Let’s go over the update flow for a single cell again.
- We store the cell value in our speed layer storage.
That’s it. No locks. As fast as it can get.
Over time, we accumulate more such minor updates. In the background, when we have accumulated enough, or at scheduled intervals, we then:
- Fetch the entire column data from the batch layer.
- Fetch all the accumulated updates from the speed layer.
- Re-write the updated column data to the batch layer.
- <Imagine here all sorts of pre-calculations for read optimizations>
When a user wants to filter by a column, we have the serving layer fetch data from both layers, merge it, and carry out the requested filtering, sorting, or aggregation.
What have we gained?
- It solved our column fetch/re-write problem.

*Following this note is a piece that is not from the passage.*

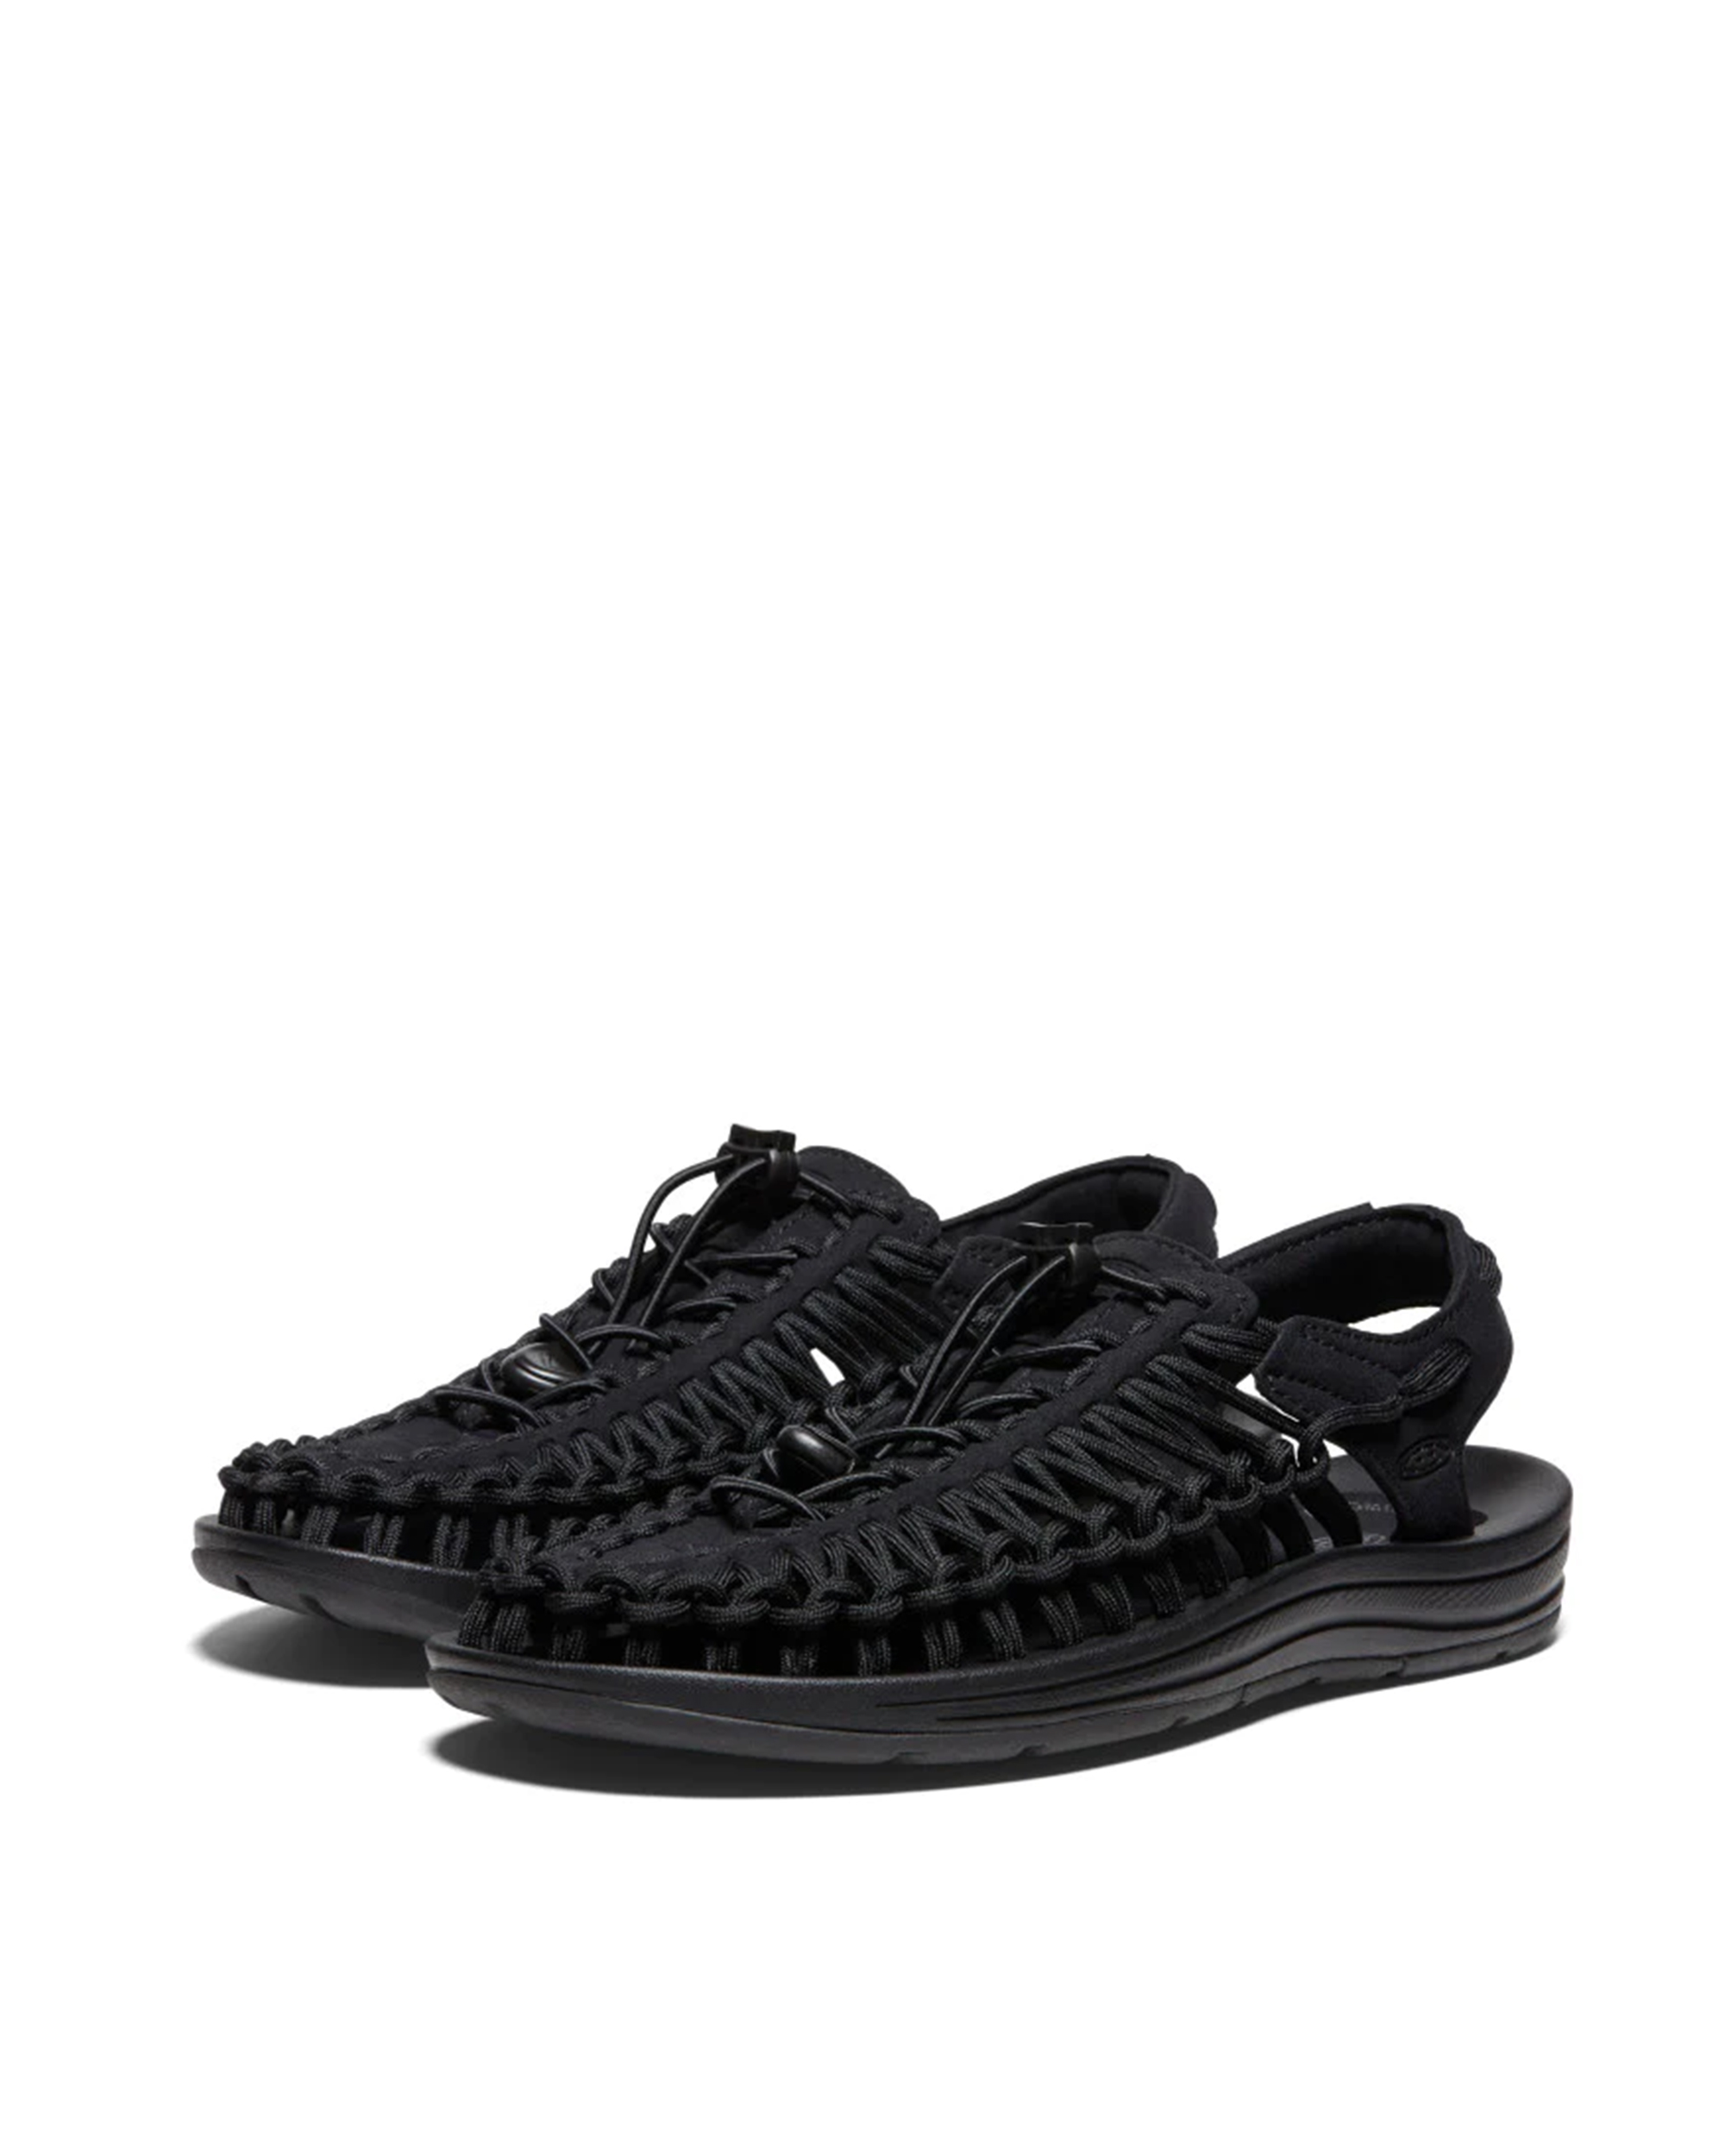 Shop Keen Black Uneek Sandal

- Recently updated data is available immediately for queries.
- In the background, we can take the time to pre-calculate metadata, indexes, views, compactions, and more.
- Data mutations are super fast.
- No locks involved.
Before we move on, I need to confess: I mentioned that we store the entire column data on a disk as a single data unit. The truth is, we break down large columns into smaller partitions. This aligns with best practices for Cassandra, our batch layer storage, to avoid oversized partitions. This has also paved the way for many optimization opportunities, such as parallel query execution across partitions, partition caching with invalidation for updated ones, skipping fetch/re-write for unchanged partitions, and more.

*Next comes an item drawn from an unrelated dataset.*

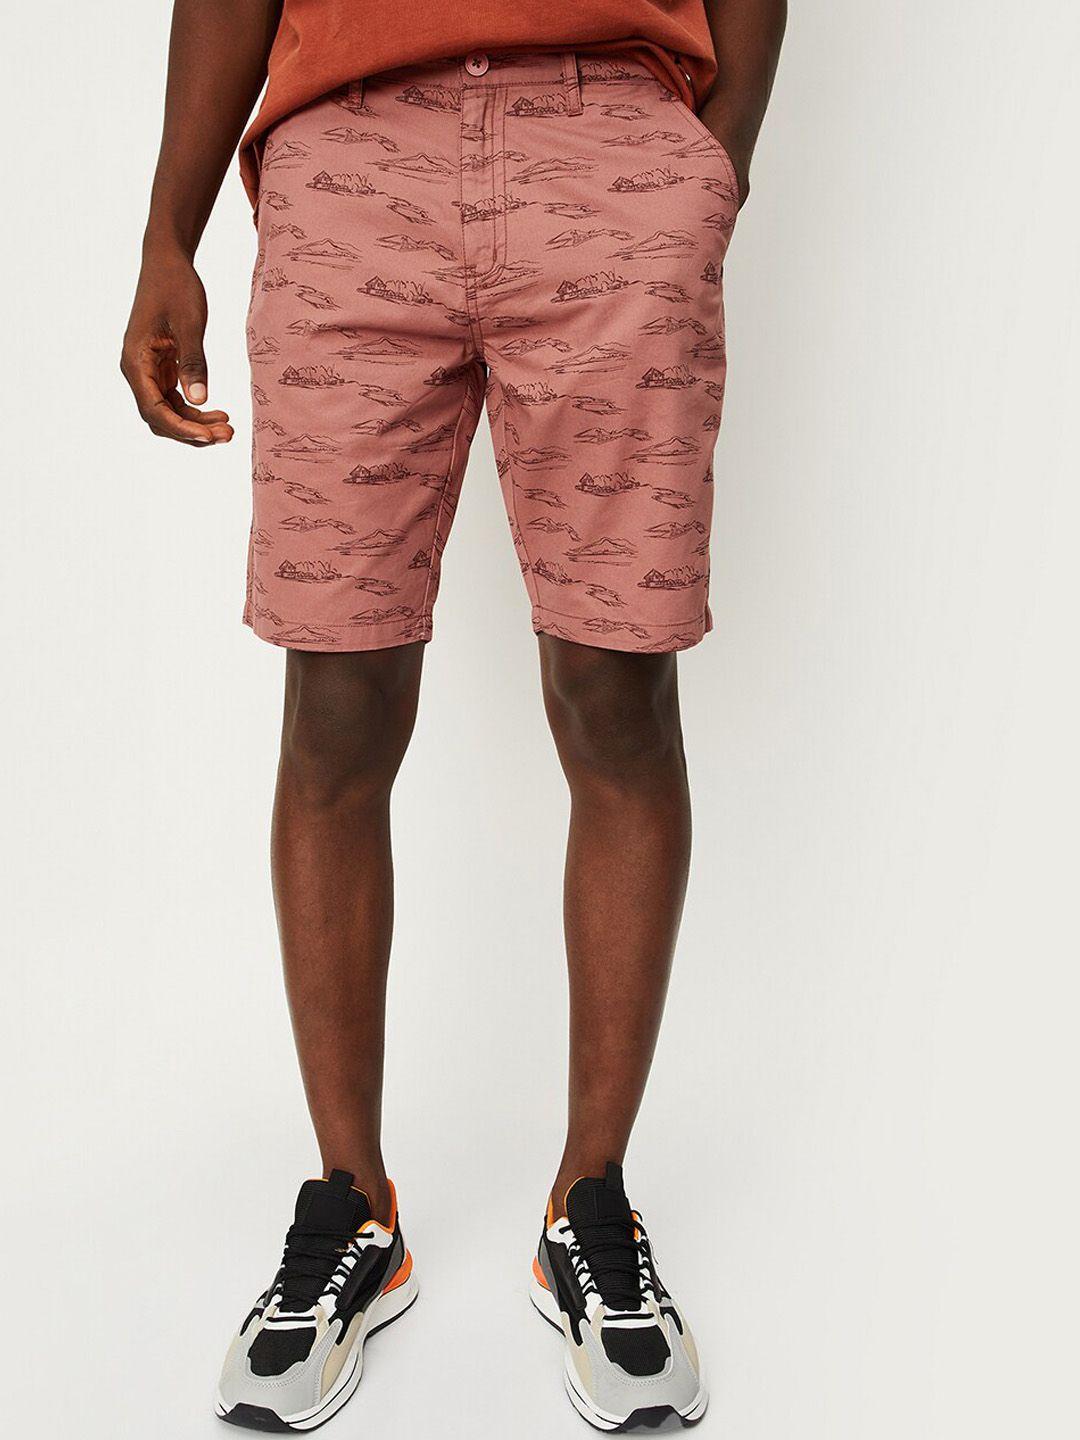 max-men-conversational-printed-pure-cotton-shorts

Concept #3: Separate storage from compute
Our system’s nature is that its throughput is dynamic throughout the day. Most of our clients are located in the US time zone. This results in a significantly higher throughput during typical US business hours.
In addition, queries are very volatile. Sometimes you experience a spike of small queries, and at other times, you have fewer but more intense and heavy queries. Some queries require a lot of storage, while others require a lot of computational power. Plus, let’s not forget that data continues to grow and pile up over time, without always maintaining a clear correlation between the data and the queries that process it.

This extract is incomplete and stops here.